Design test cases by functional item. Group related functional points by business or operation type into "functional items" — each item contains one or more similar functional points. For a given functional item, input a specific set of data or operation sequence, and verify the unique output result for each functional point within that item.

Core Principles

  1. Operation Granularity: Each case focuses on one group of similar functional items. Steps must be clear and the target explicit.
  2. Input-Output One-to-One Mapping: Define a unique input set for the functional item, and strictly verify the corresponding output result. Ensure both test coverage and result judgment are unambiguous.
  3. Clear Boundaries: Functional item boundaries are well-defined. Do not cross-item test. Avoid redundancy and duplicate operations.
  4. Case Independence: Design each case to be self-contained with no inter-case dependencies. Clear boundaries between functional items minimize redundancy and maximize maintainability.

Layered Testing Strategy (Test Pyramid)

Understand test layering to avoid over-reliance on a single test type. The pyramid guides resource allocation and test design focus for functional testing.

        /\
       /  \     E2E Tests (fewer, slower, high maintenance)
      /----\    ————————————————————————————————————————
     /      \   API / Integration Tests (moderate count, faster)
    /--------\  ————————————————————————————————————————
   /          \ Unit / Component Tests (most, fastest, cheapest)
  /------------\
LayerScopeSpeedMaintenanceWhen to Design Cases Here
UnitSingle function/class<100msLowComplex business logic, calculation rules, state machines
IntegrationModule interactions<1sMediumDatabase operations, message queues, third-party service calls
APIInterface contracts<1sMediumParameter validation, response structure, error codes, auth
E2EFull user workflowSeconds~minutesHighCross-module business flows, user-facing critical paths

Guidelines:

  • Push tests as low in the pyramid as possible.
  • E2E cases should cover only cross-module critical paths and user journeys.
  • API cases should validate all parameter combinations and error responses.
  • Unit tests should cover all branches and boundary conditions of business logic.

Test Case Granularity

Default adoption: Level 2 granularity.

LevelDefinitionCharacteristicsWhen to Use
Level 1Validates a single, independent, indivisible functional point. The smallest functional verification unit with clear input and expected output.Finest granularity; each case tests one boundary or rule.When boundary values and independent rules need precise isolation.
Level 2 (Default)Groups and merges multiple Level-1 points of the same type or related functional points into a small category.Integrates similar points for systematic organization; easier management and maintenance.Default choice for functional test cases. Balances coverage and maintainability.
Level 3Further integrates Level-2 cases of the same type or business relation into a large category.Broader business scenario focus; higher-level test perspective; lower maintenance cost.When a high-level overview of module coverage is needed.

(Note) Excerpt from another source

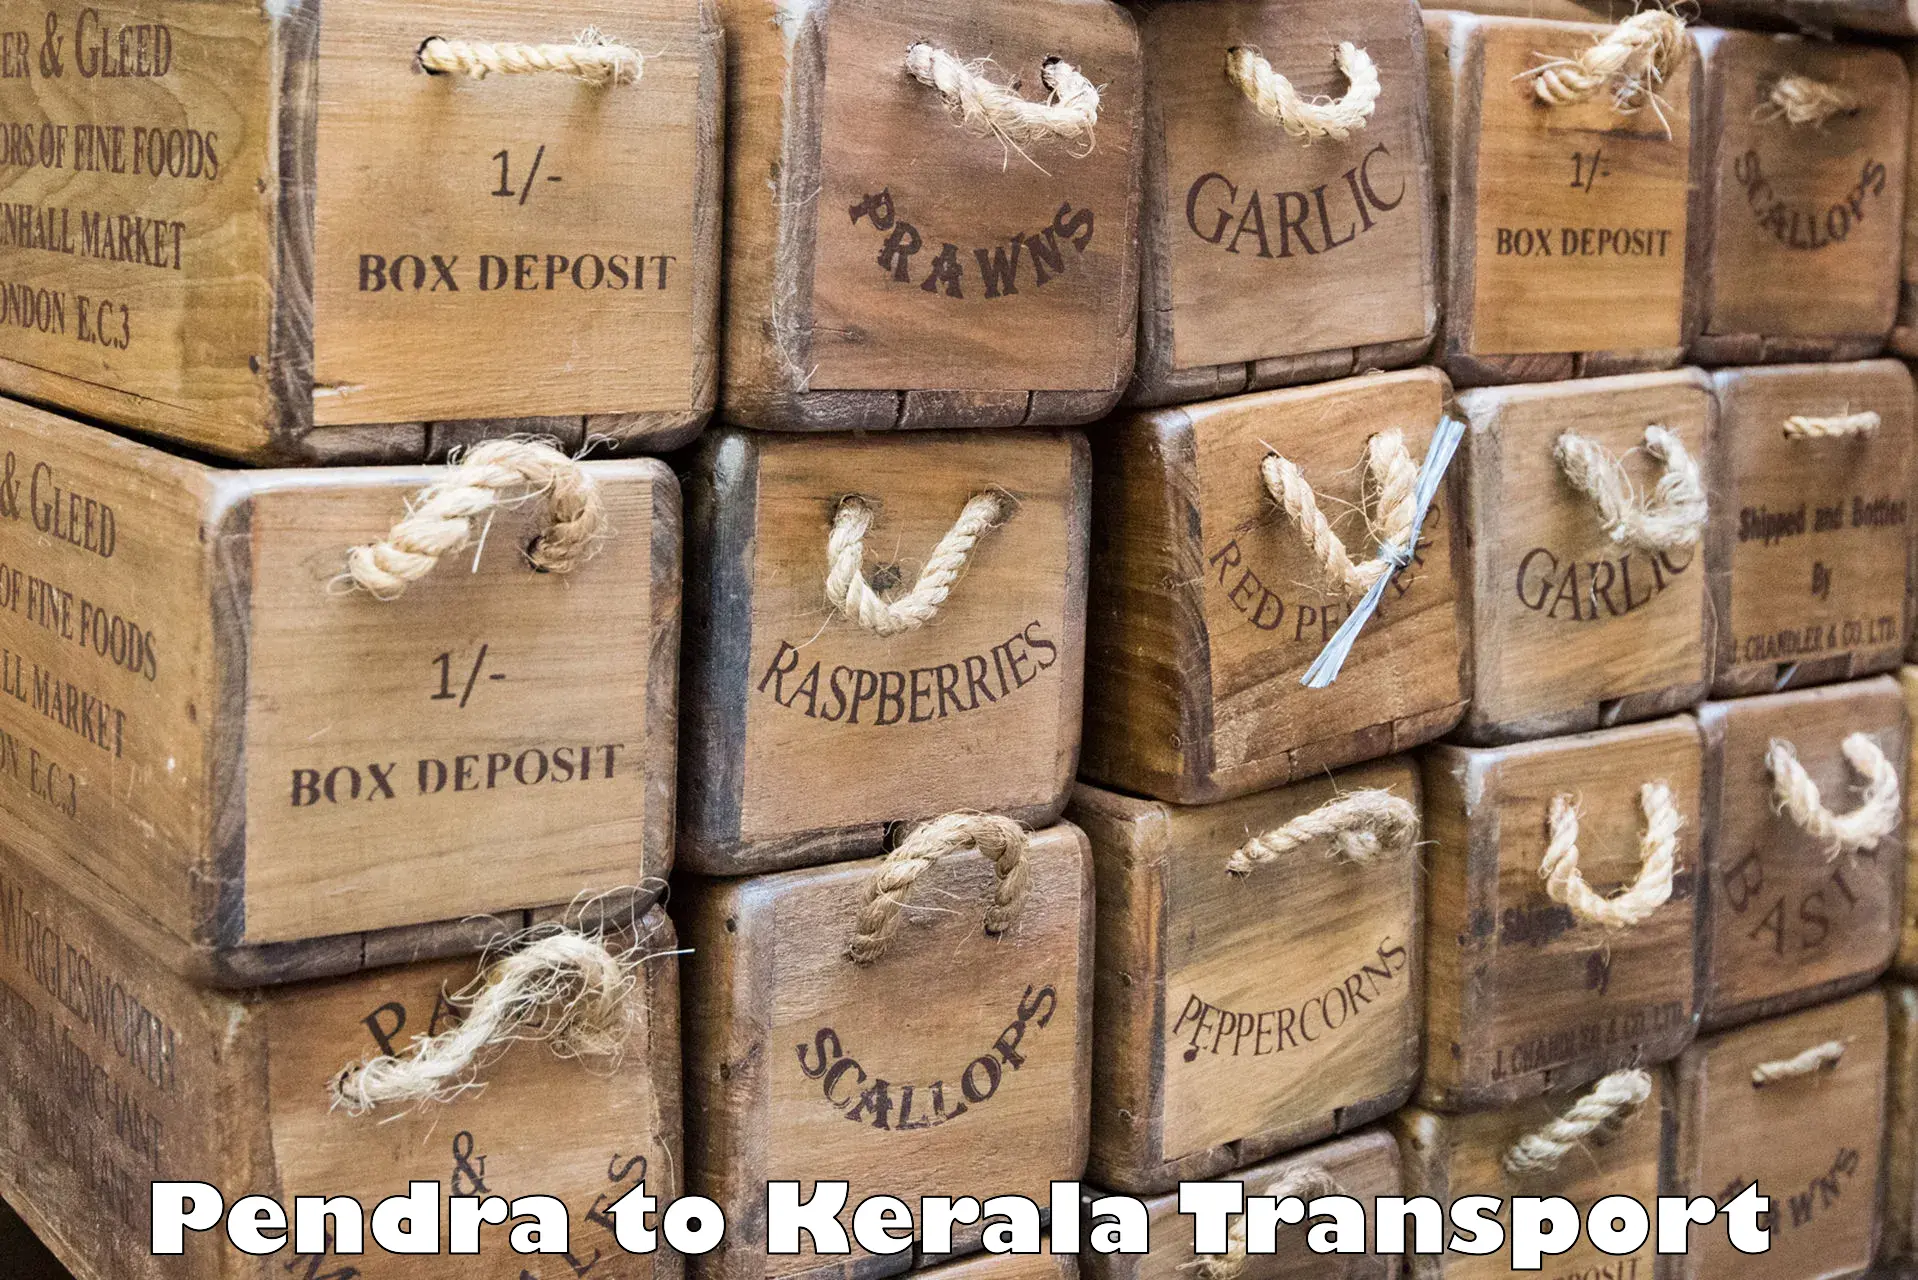 Daily parcel service transport Pendra to Kondotty

Level 2 Granularity Example

Requirement: Username restriction: length 6-20, lowercase English letters and digits only.

Level 2 case:

  • Name: [User Management][WEB] User Registration - Username Length Validation
  • Steps:
    1. Enter username with length below 6 characters
    2. Enter username with length above 20 characters
  • Expected Results:
    1. Display error: "Username must be between 6-20 characters"
    2. Display error: "Username must be between 6-20 characters"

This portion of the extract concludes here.